EXERCISE DATA:
((

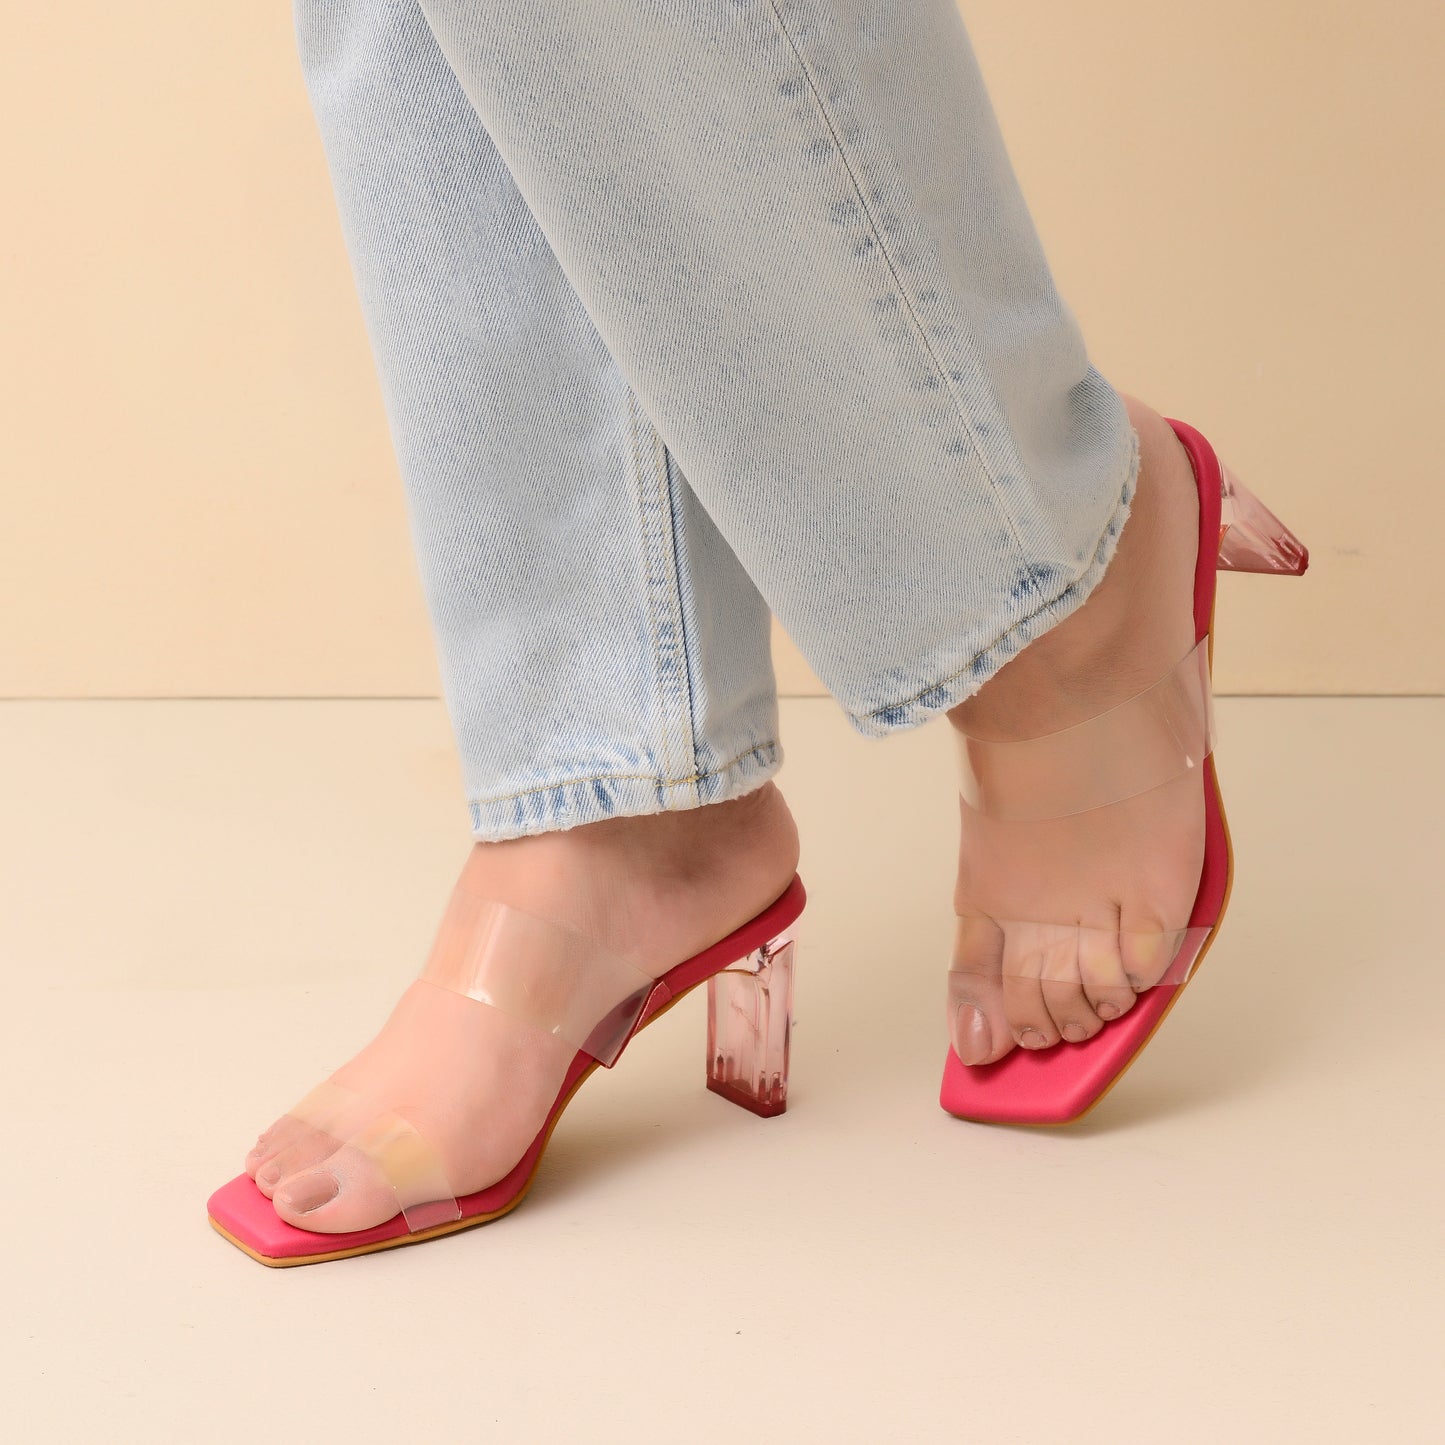 Pink Transparent Heels
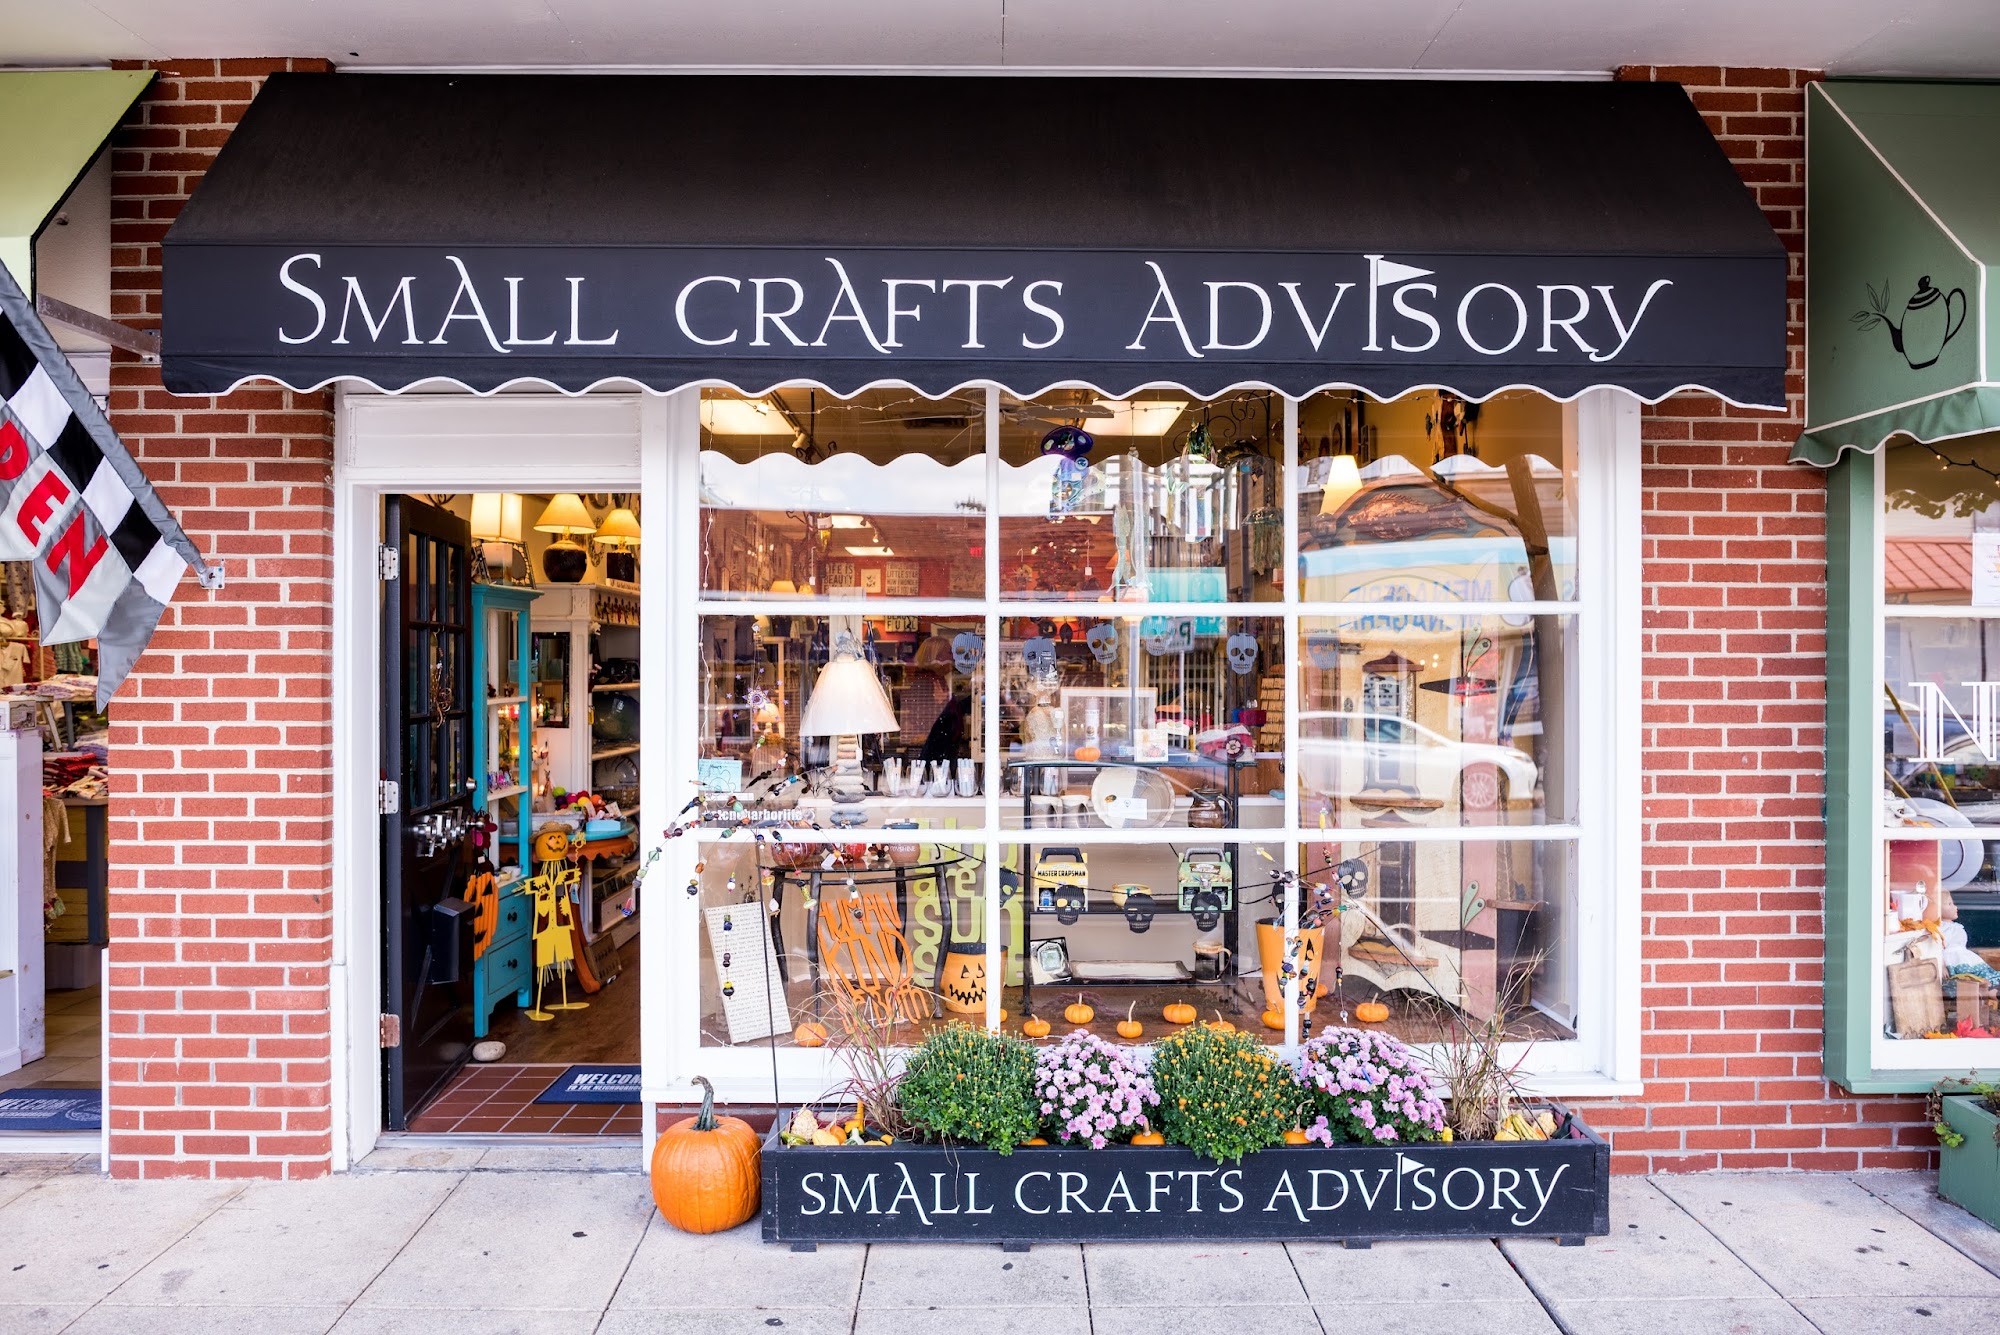 Small Crafts Advisory
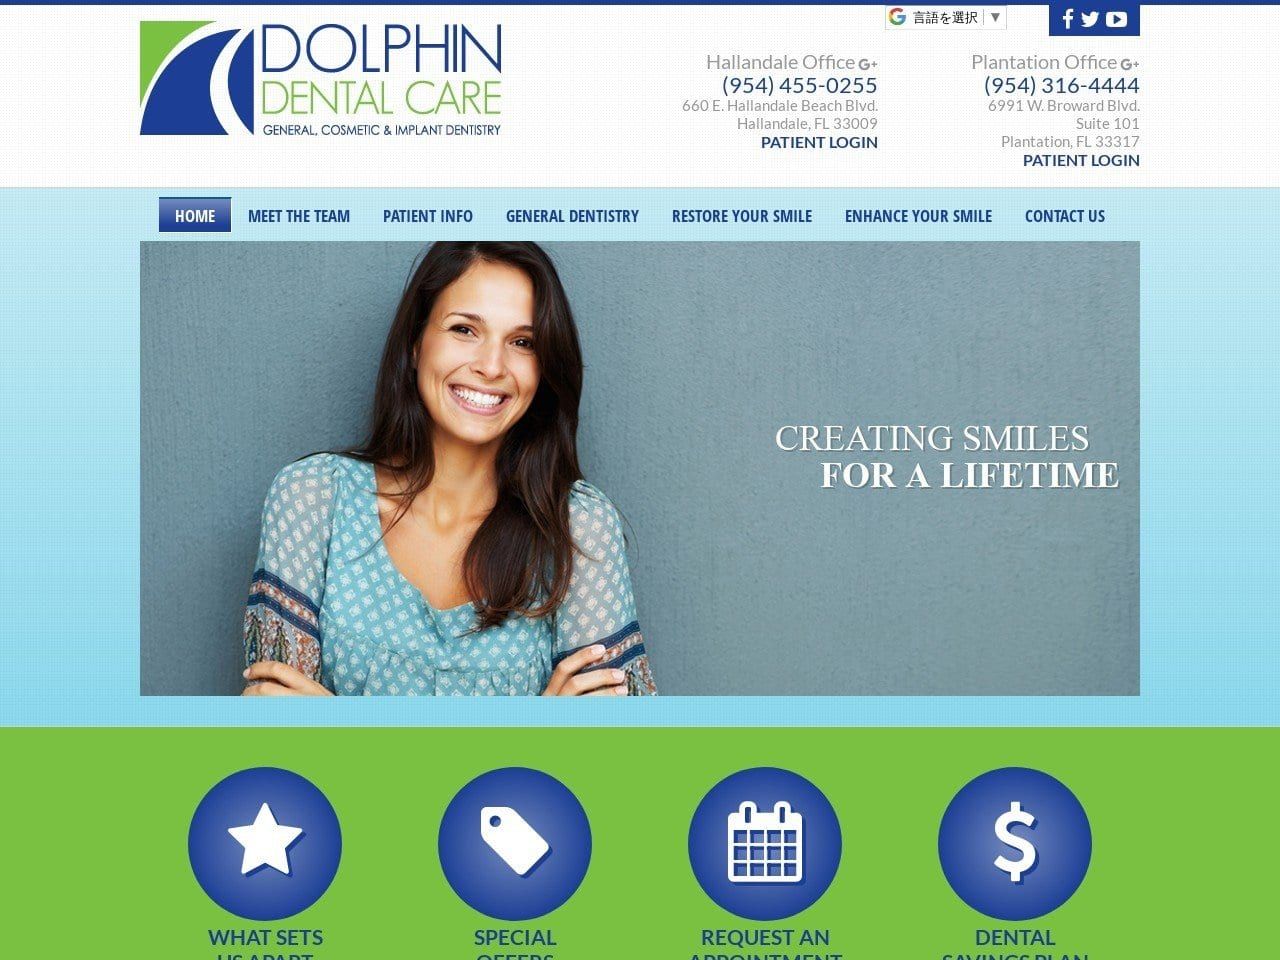 Dolphin Dental Care Website Screenshot from dolphindentalcare.com

))

EXERCISE DESCRIPTION:
Extract, word for word, each line from the one that contains "Small Crafts Advisory" through the final line of the data above. Leave the pictures out.

YOUR RESPONSE:
 Small Crafts Advisory
 Dolphin Dental Care Website Screenshot from dolphindentalcare.com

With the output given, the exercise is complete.